To quantify the number of non-U.S. participants in clinical trials, Kim and colleagues searched the National Institutes of Health registry for phase III or IV cardiovascular randomized controlled trials funded by the National Heart, Lung and Blood Institute between 1997 and 2009.
Of 24 studies that met the inclusion criteria, 19 trials with more than 151,000 patients had international participation, with a median rate of 9.5% (range 0% to 100%), according to the study published online in the Journal of the American College of Cardiology.
"The wide heterogeneity in the enrollment of international patients in large cardiovascular randomized clinical trials does not appear to be a fleeting trend," researchers wrote.
They pointed to the FREEDOM trial, a "potentially landmark study" examining optimal management of multivessel disease in diabetics, whose recently completed enrollment includes 81% of non-U.S. participants.
Writing in an accompanying editorial, Robert M. Califf, MD, and Robert A. Harrington, MD, from Duke University, said, "This report is one of a number of recent reports that raise the question of whether American clinical research, like many other U.S. industries, has become so expensive and inefficient that it is no longer a viable competitive enterprise within our borders."
The Duke editorialists wasted no words describing the "myriad problems besetting American clinical research," such as patient compliance and rigorous regulatory strictures.
In addition, the clinical environment is often antagonistic toward research, viewing it as an impediment to efficiency and a threat to profits.
The negative attitude toward research is exemplified by the fact that only 5% of the approximately 5,000 acute care hospitals in the U.S participate in clinical trials, and 1% of them "account for the vast majority of participant accrual," Califf and Harrington noted.
CAD Trials
Of the 24 trials included in this study, there were 11 involving CAD; three on congestive heart failure; six for electrophysiologic disease; one for hypertension; and three on primary prevention.

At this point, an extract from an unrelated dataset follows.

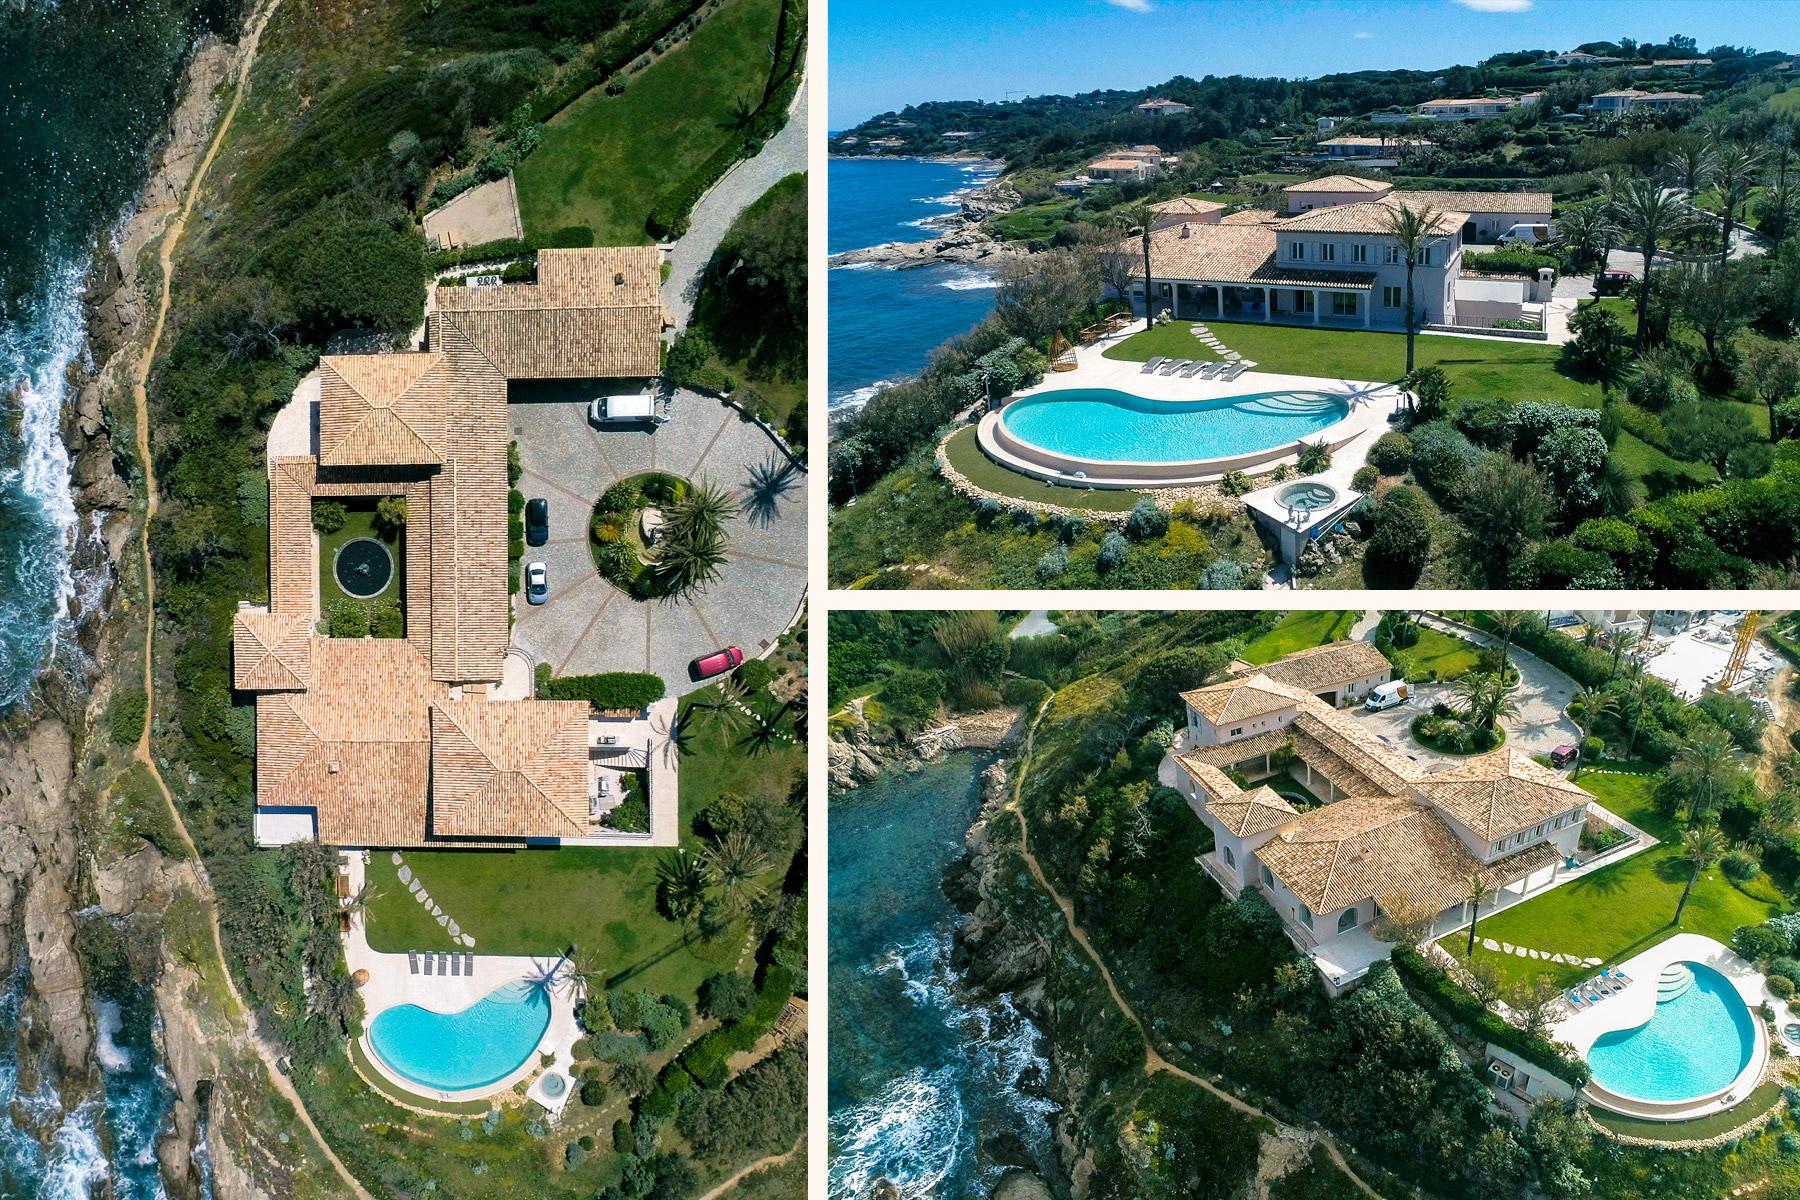 Villa-Copab_Drone-Exterior_1.jpg

The overall international participation was 15%, with those dealing with CAD constituting the largest share of participants from outside the U.S.
One NIH-sponsored CAD trial consisted of 100% international participation, with three others enrolling more than half non-U.S. participants at 95.5%, 80%, and 77.5%, respectively.

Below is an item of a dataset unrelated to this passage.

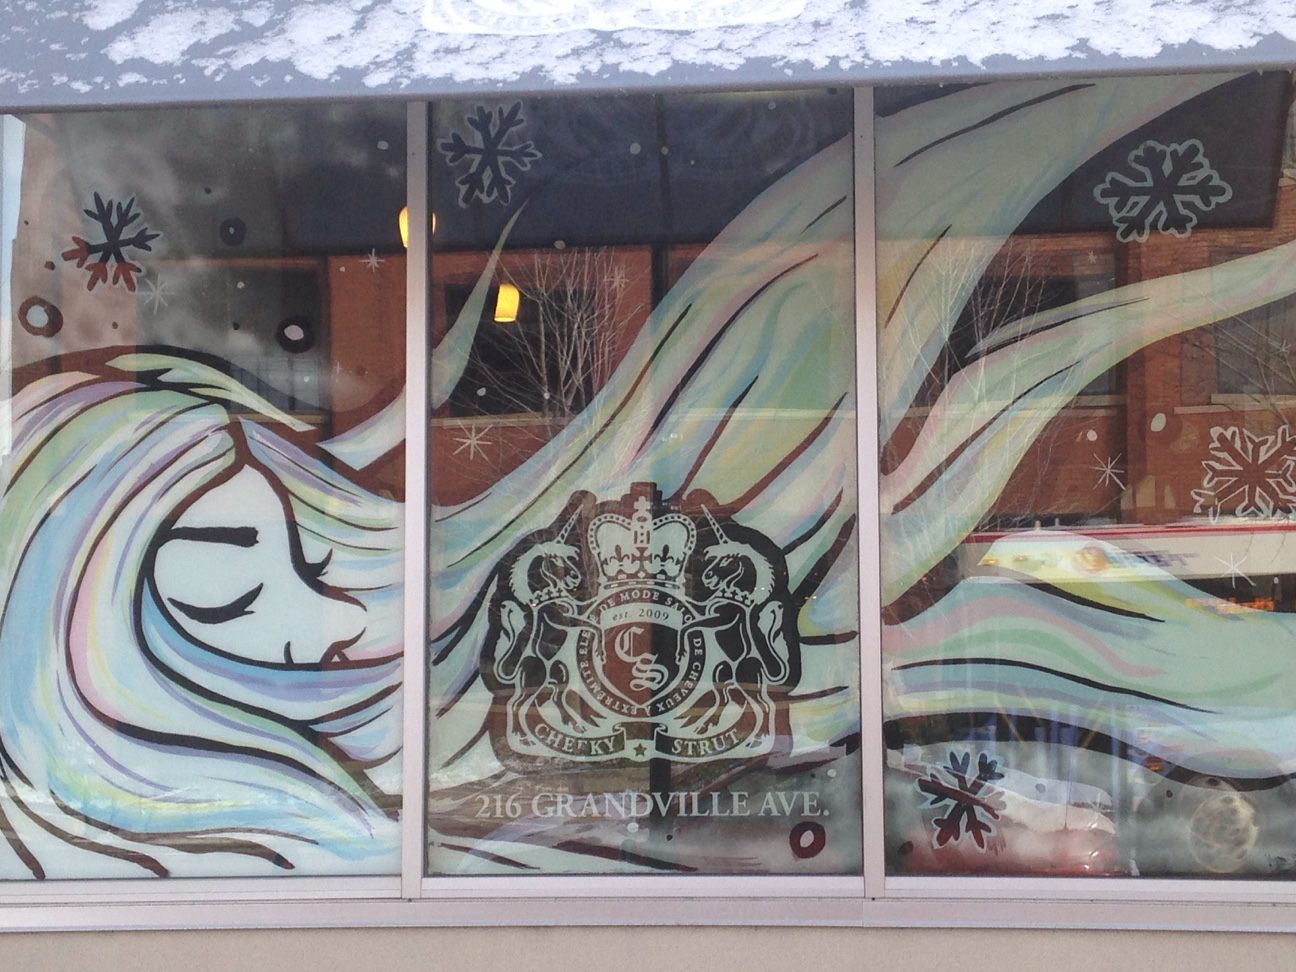 KCAD student design at Cheeky Strut Salon and Spa

Two more trials enrolled at least 40% of non-U.S. participants while another selected 36.7%. The lowest rates of non-U.S. enrollments came in at 16.3% and 7.2%.

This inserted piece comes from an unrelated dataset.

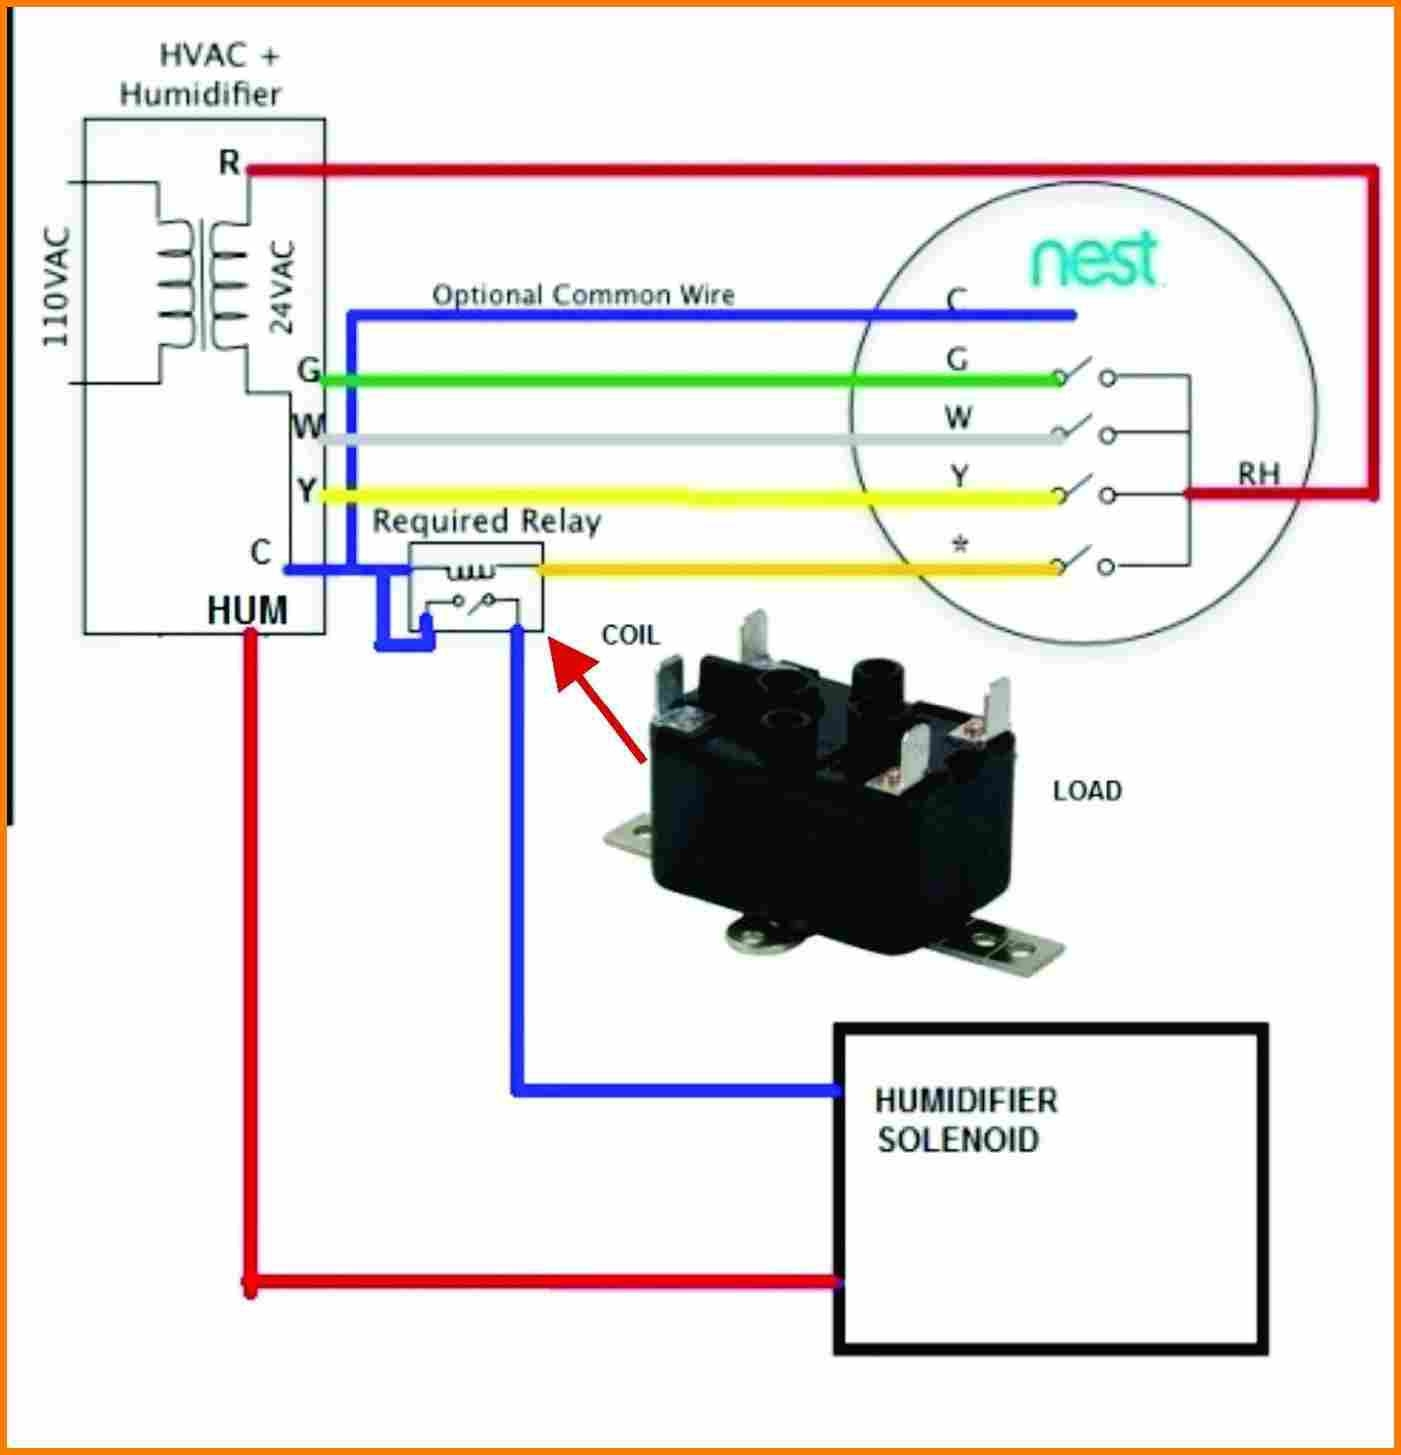 hight resolution of nest c wire diagram wiring diagram library 5 wire nest nest c wire diagram

Only two of the entire 11 CAD trials had no international participation.
Applicability of Results
The enrollment of patients outside the U.S. for trials dealing with other cardiovascular diseases was much smaller, ranging from 0.3% (prevention) to 16.3% (electrophysiology). The one hypertension trial had 15.8% outside participation.
Researchers found a trend toward increased international participation in higher risk trials, such as those testing physically invasive interventions, and trials performed during the acute phase of illness.
Kim and colleagues noted that randomized controlled studies often lead to "Class 1 recommendations in the American College of Cardiology and American Heart Association treatment guidelines."
Yet, questions have been raised regarding the applicability of results from patients in Europe, Asia, and South America to those in the U.S.
"Recent U.S. Food and Drug Administration data show that when multiregional clinical trials are conducted, the magnitude of the treatment effect is often smaller for U.S. volunteers compared with participants randomized abroad," Califf and Harrington wrote.
Kim and colleagues pointed to a number of trials where results from international populations differed from those from the U.S., including:
  • The HERO-2 trial, which showed significant variations in 30-day mortality ranging from 6.7% in Western countries to 10.3% in Latin America and 13.7% in Russia and Asia
  • The PURSUIT trial in which North American participants saw the greatest benefit from the antiplatelet drug eptifibatide (Integrilin) compared with those from Latin America and Eastern Europe
  • The PLATO trial, which showed increased rates of clinical outcomes for all efficacy measures with ticagrelor (Brilinta) over clopidogrel (Plavix) in U.S. participants
In the current analysis, Canada was the most commonly listed international site and enrolled patients for 16 of 24 trials. Even this is troubling, researchers said, as it has been shown that Canadian outcomes have varied from those of U.S. citizens.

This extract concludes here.